I dont know how good you can see these shots but if you look at where the studs meet the pulley, a long time ago metal popped off. ive got that around 2 of the studs, should i be concerned? where can i get a nice shiny replacement?
Speaking of shiny, heres what i did to the pulleys:
ALT Pulley:
































water pump pulley:
























pulley not being used for AC after re-installation:
























Just trying to make things clean before they go back in. going to spruce up the valve cover next. Im thinking baby blue and bronze..alternate suggestions welcome.


----------



## ps2375 (Aug 13, 2003)

*Re: (joedapper)*

http://****************.com/smile/emthup.gif As far as the bit of metal missing, just have good washers under the new bolt's heads.


----------



## JPX (Nov 6, 2005)

*Re: (ps2375)*

Chicago Dril - BFD FTW! http://****************.com/smile/emthup.gif 
After all the work to get these pulleys off and clean them, make sure to paint them so they don't rust over like that again.
And WOW on that oil.







Kind of like my old brake fluid!


----------



## joedapper (Oct 6, 2009)

*Re: (JPX)*


_Quote, originally posted by *JPX* »_Chicago Dril - BFD FTW! http://****************.com/smile/emthup.gif 
After all the work to get these pulleys off and clean them, make sure to paint them so they don't rust over like that again.
And WOW on that oil.







Kind of like my old brake fluid!









I have some ideas, first, should i get them balanced? and then i was thinking baby blue and copper for the engine bay....1 project at a time.


----------



## joedapper (Oct 6, 2009)

*Re: (ps2375)*


_Quote, originally posted by *ps2375* »_Drill the head off, then get 4 new bolts. Once the head is off, the bolt will come out by hand.

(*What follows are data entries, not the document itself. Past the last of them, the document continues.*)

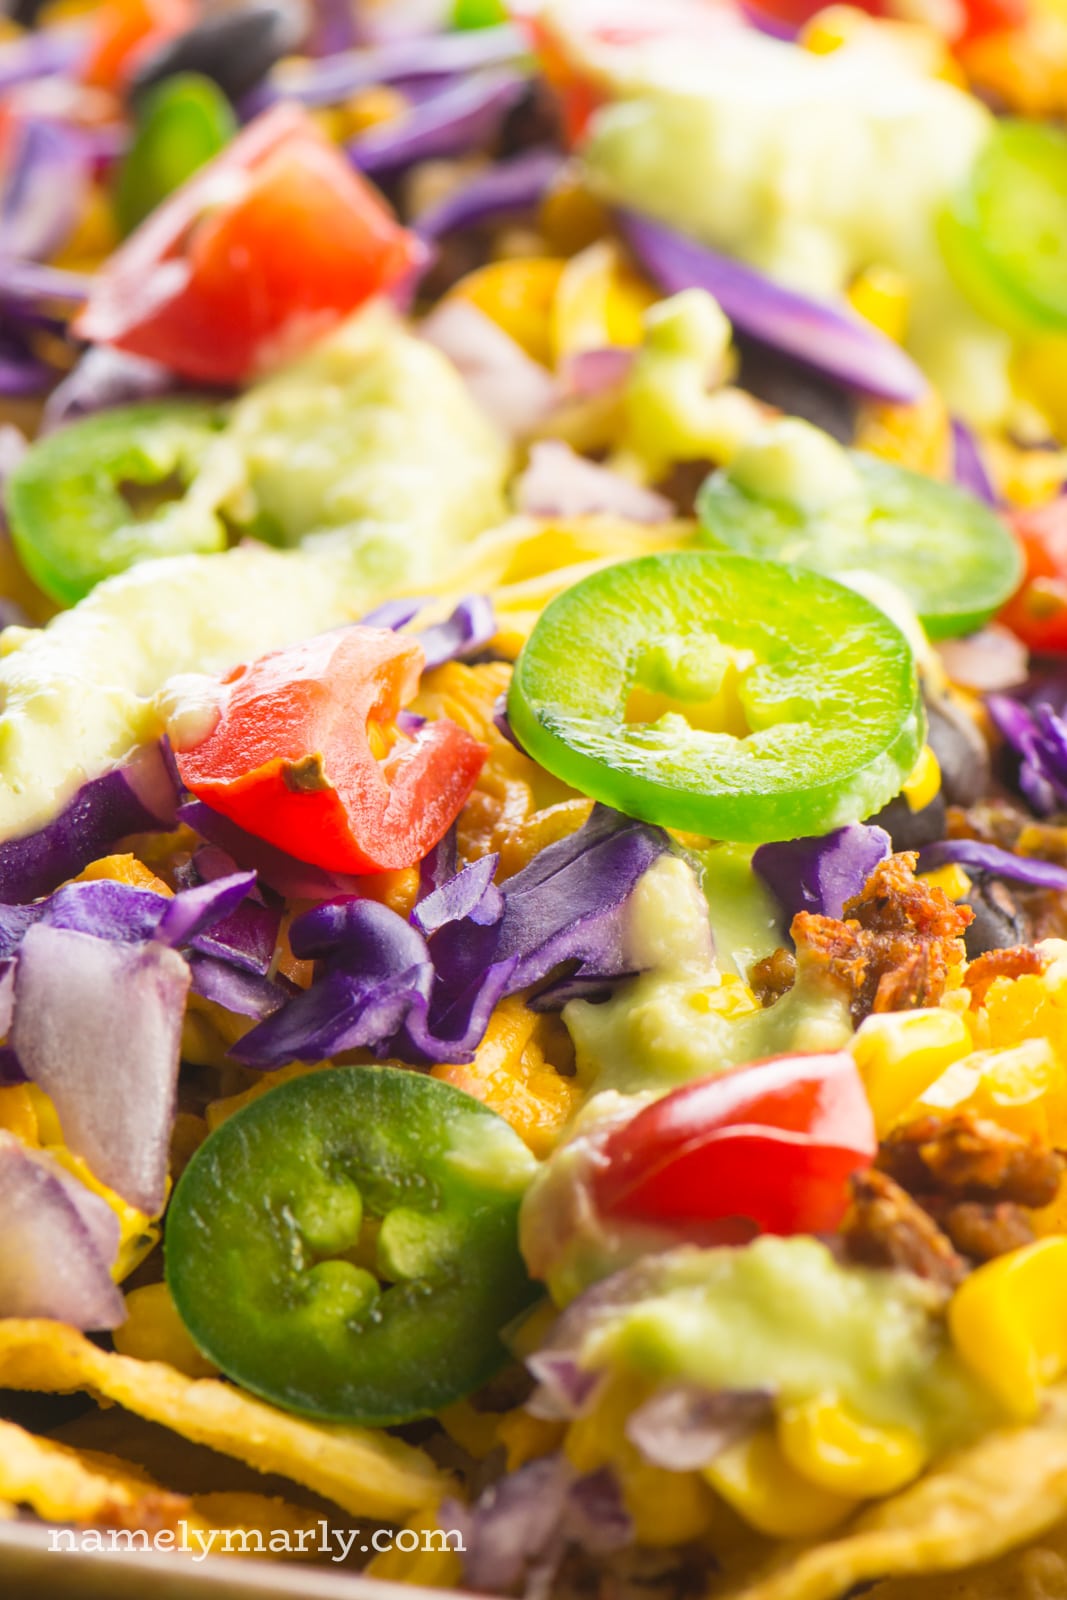 A close-up shot of a tray of baked vegan nachos shows purple cabbage, red tomatoes, and green jalapeño slices.
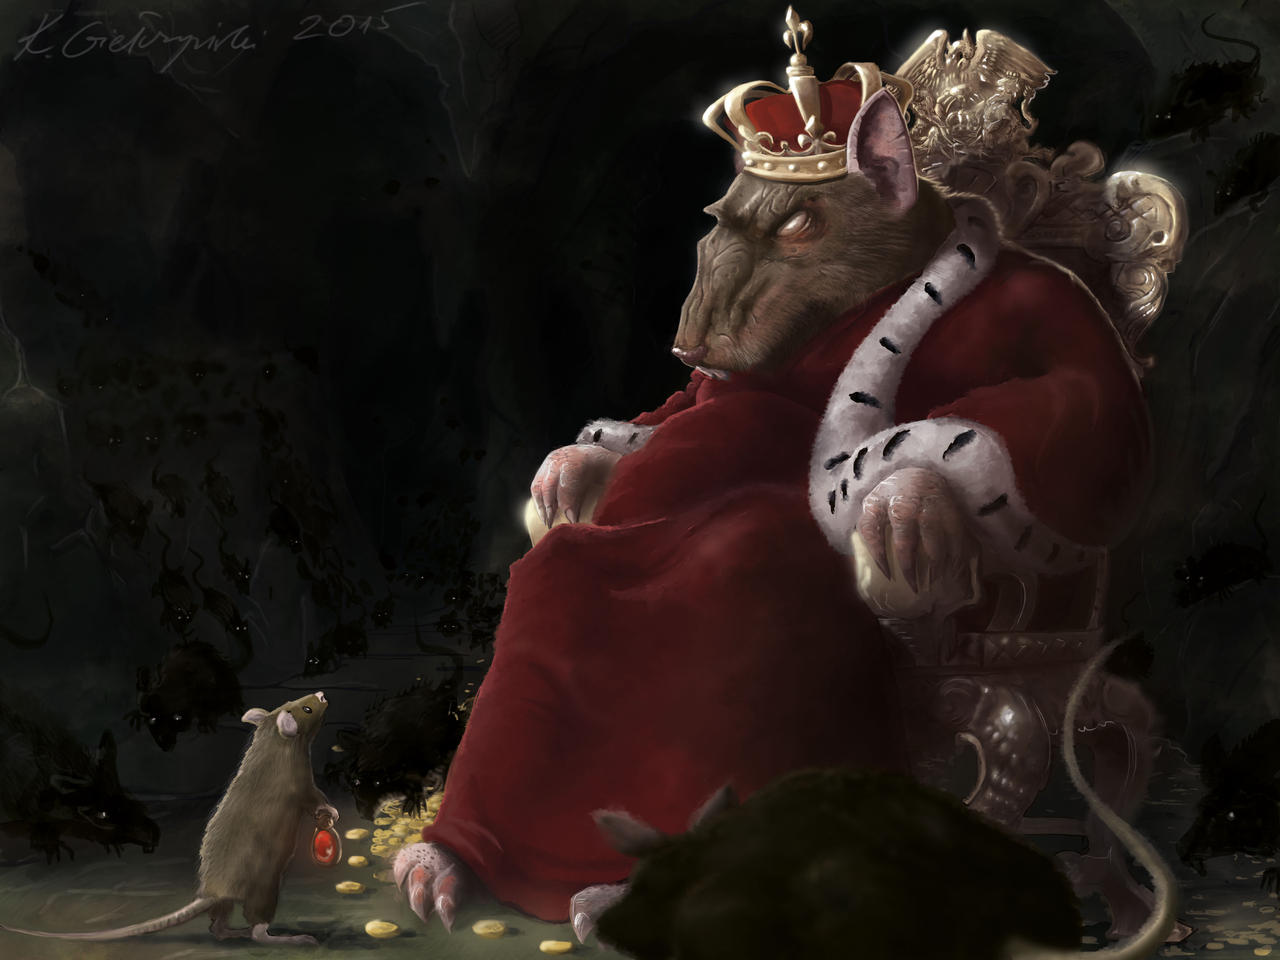 Rat King by Trasegorsuch on DeviantArt
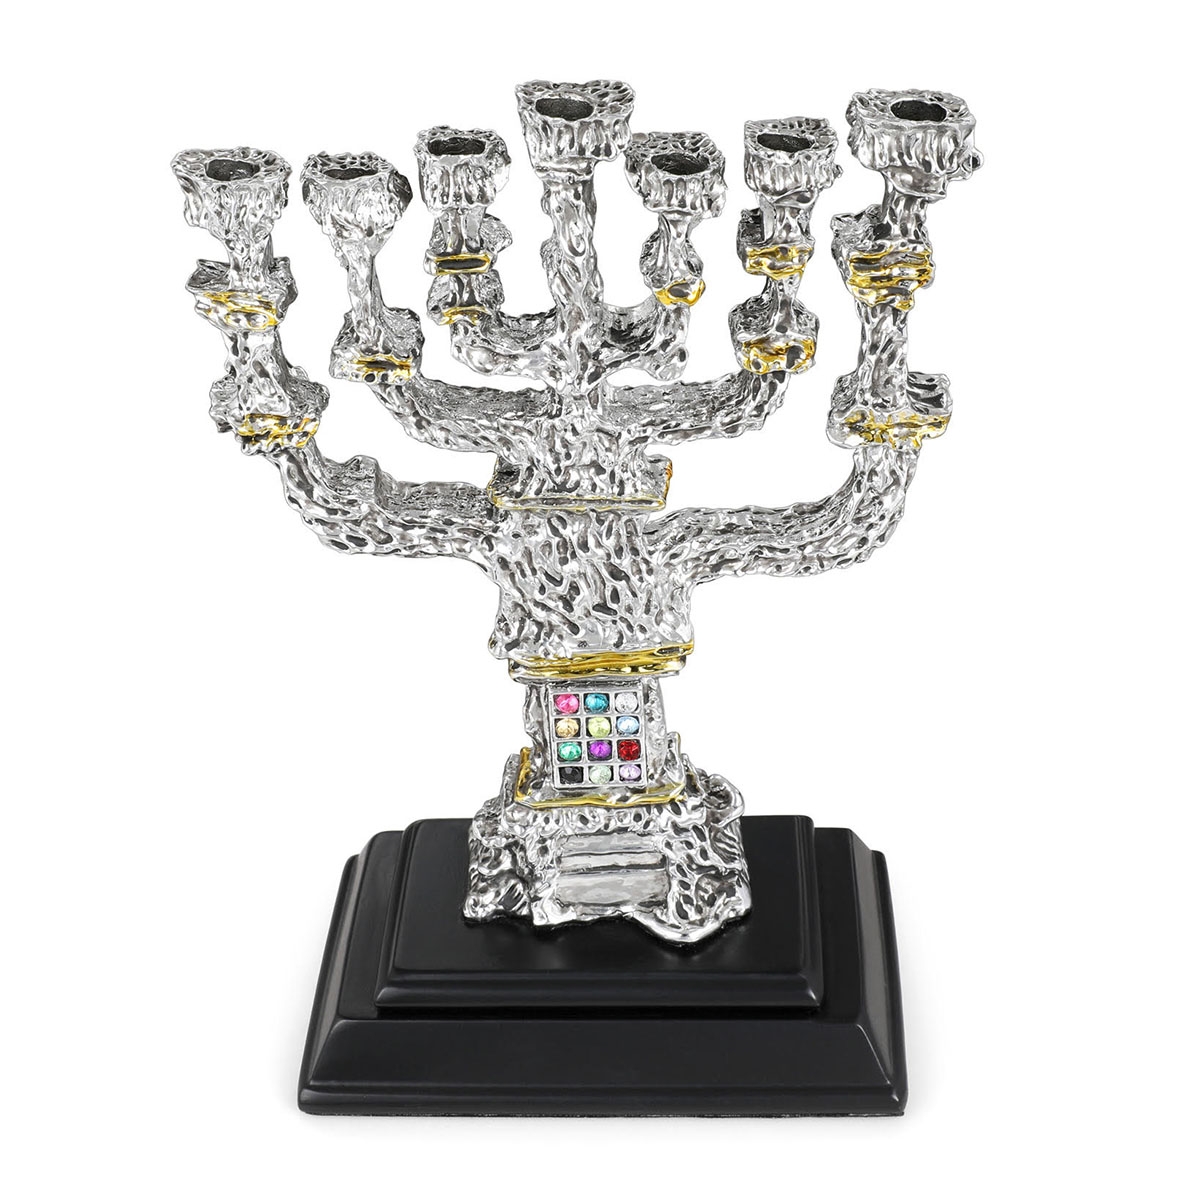 Silver-Plated and Gold-Accented Seven-Branched Menorah With Hoshen Design - 1
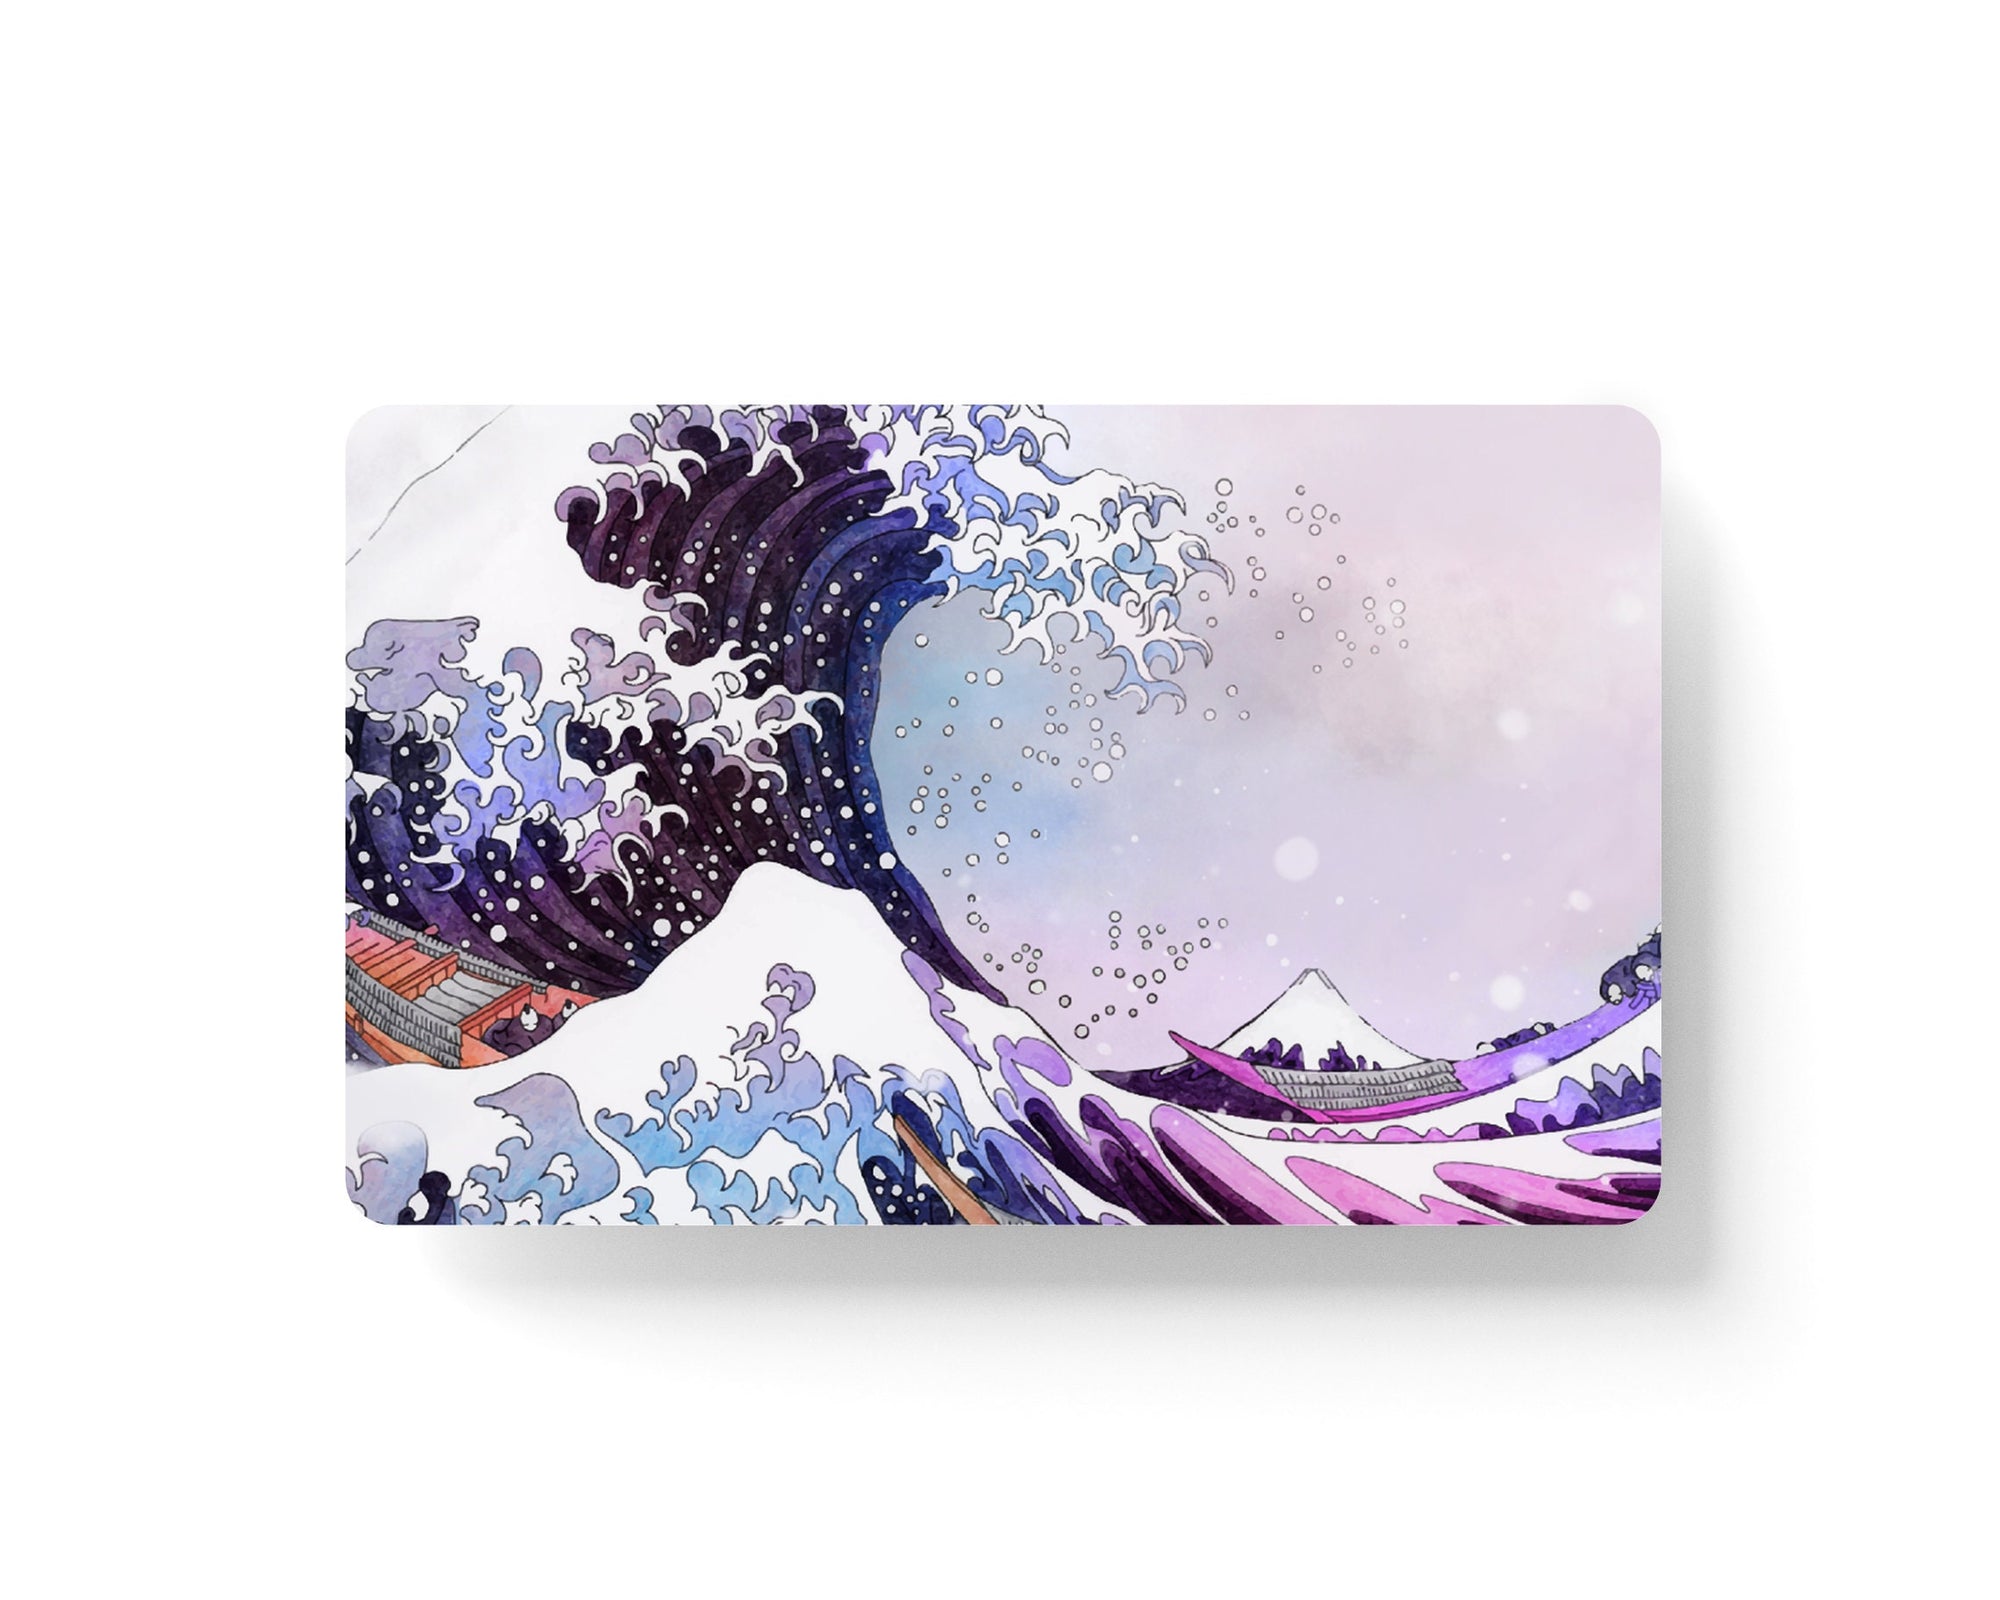 4PCS Credit Card Skin Clouds, Includes 4 different variations for

And here is the video to prove it:
http://www.youtube.com/watch?v=JiV2_VqpTcg
MAD PROPS







http://****************.com/smile/emthup.gif







http://****************.com/smile/emthup.gif







http://****************.com/smile/emthup.gif


----------



## joedapper (Oct 6, 2009)

*Re: (joedapper)*

OK....ive got it put back together and it was running, but maybe a degree off or so. Busted out the manual and started to follow the procedure, and heres where im having problems. 
There is both a dot and a line on the cam sprocket so i dont know which one to use. I can find TDC on the crank no problem, but i need to know where to position the camshaft. 
Does anyone know or can take a picture of which way the cam lobe for #1 should be? I can not trust the marks on my sprocket i guess.


----------



## joedapper (Oct 6, 2009)

*Re: 1.7 TIMING BELT REPLACEMENT - the beginning of the end. (joedapper)*

COMPLETE-ish

The dot on the back of the cam sprocket aligned tot he valve cover with the crank at TDC, and she fired right up:
http://www.youtube.com/watch?v=JDdhZyoxfTc


----------



## TheMajic86GTI (Aug 9, 2009)

*Re: 1.7 TIMING BELT REPLACEMENT - the beginning of the end. (joedapper)*

I was gona say the dot on the back aligned with the valve cover and the lobes on the cam for #1 should be pointed up like bunny ears...


----------



## joedapper (Oct 6, 2009)

*Re: 1.7 TIMING BELT REPLACEMENT - the beginning of the end. (TheMajic86GTI)*

Id like to thank everyone for their support and wisdom regarding this matter. Thank you all and happy motoring!


----------